Following Notre Dame's loss against Ohio State in the Fiesta Bowl, Prosise announced he would forego his remaining eligibility and enter the 2016 NFL Draft.

Professional career

Seattle Seahawks
Prosise was drafted by the Seattle Seahawks in the third round (90th overall) of the 2016 NFL Draft. On May 6, 2016, the Seahawks signed Prosise to a four-year, $3.11 million contract with a signing bonus of $692,464.

Prosise started his first game against the New England Patriots in Week 10, where he carried the ball 17 times for 66 yards and added 87 receiving yards in the win. Prosise also started the Week 11 game against the Philadelphia Eagles and scored his first career touchdown, a 72-yard run, but suffered a fractured scapula that ended his rookie season.

On November 14, 2017, Prosise was placed on injured reserve with an ankle injury. He finished his second season with 23 rushing yards, and 6 receptions for 87 yards during his injury-riddled season.

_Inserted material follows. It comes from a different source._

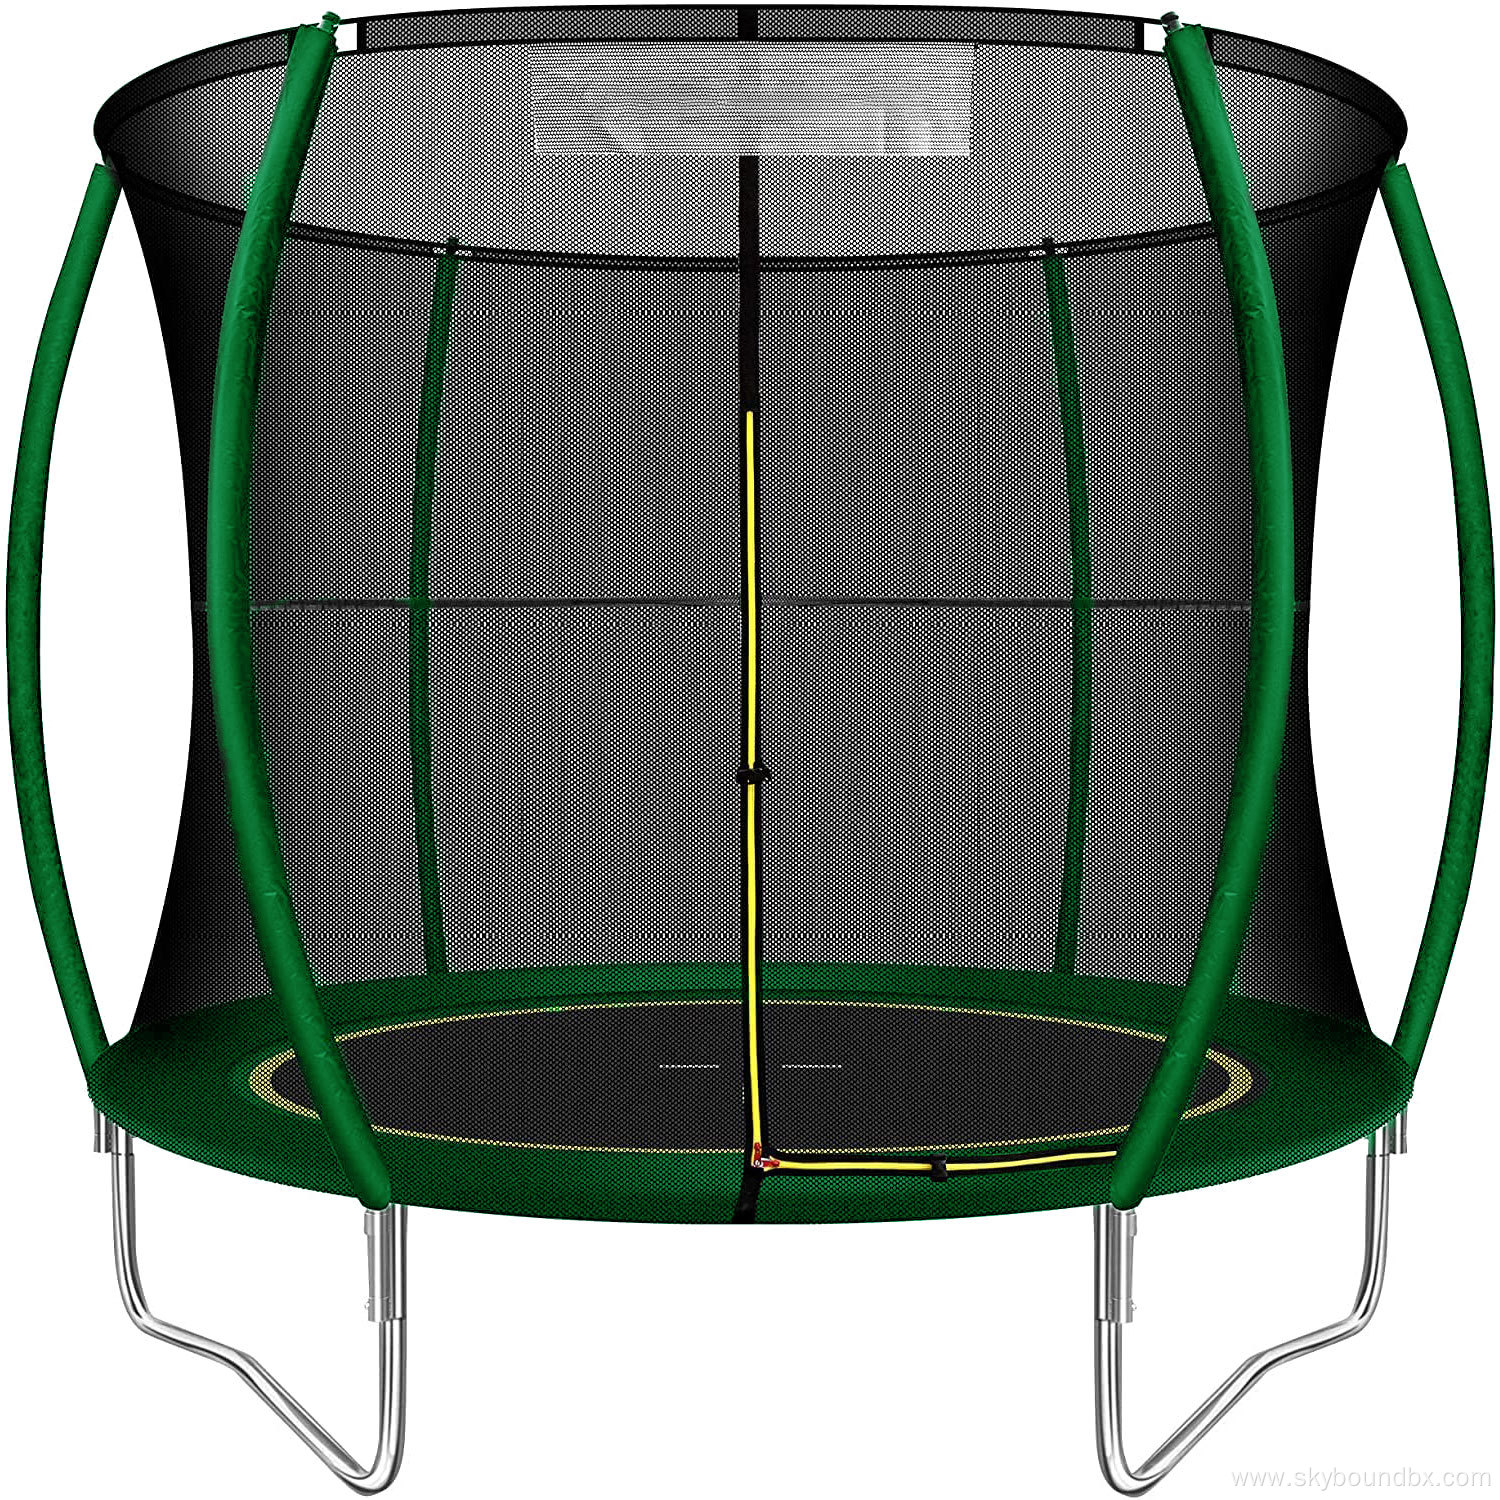 baby 8 feet smart trampolines with net

In 2018, Prosise played in five games before being placed on injured reserve with abdomen, groin, and hip-flexor injuries.

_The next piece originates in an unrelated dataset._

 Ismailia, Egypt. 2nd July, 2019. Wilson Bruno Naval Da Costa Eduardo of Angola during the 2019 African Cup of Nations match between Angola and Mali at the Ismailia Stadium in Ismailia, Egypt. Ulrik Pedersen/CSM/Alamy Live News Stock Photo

In 2019, Prosise played in nine games, recording 72 rushing yards and a touchdown along with 10 receptions for 76 yards. He suffered a broken arm in Week 16 and was placed on injured reserve on December 24, 2019.

After becoming a free agent in March 2020, Prosise had a tryout with the Detroit Lions on August 13, 2020, and with the Chicago Bears on August 17, 2020.

Houston Texans
On September 7, 2020, Prosise was signed to the Houston Texans practice squad. He was elevated to the active roster on September 19 for the team's week 2 game against the Baltimore Ravens, and reverted to the practice squad after the game. He was elevated again on September 26 for the week 3 game against the Pittsburgh Steelers, and reverted to the practice squad again after the game. He was promoted to the active roster on September 28, 2020. He was released on October 26 and re-signed to the practice squad the next day. He was signed to the active roster on November 14, 2020. On December 28, 2020, Prosise was waived by the Texans.

Tampa Bay Buccaneers
On January 6, 2021, Prosise signed with the practice squad of the Tampa Bay Buccaneers. He was released on January 29, 2021. On February 12, 2021, Prosise re-signed with the Buccaneers. He was released on August 31, 2021.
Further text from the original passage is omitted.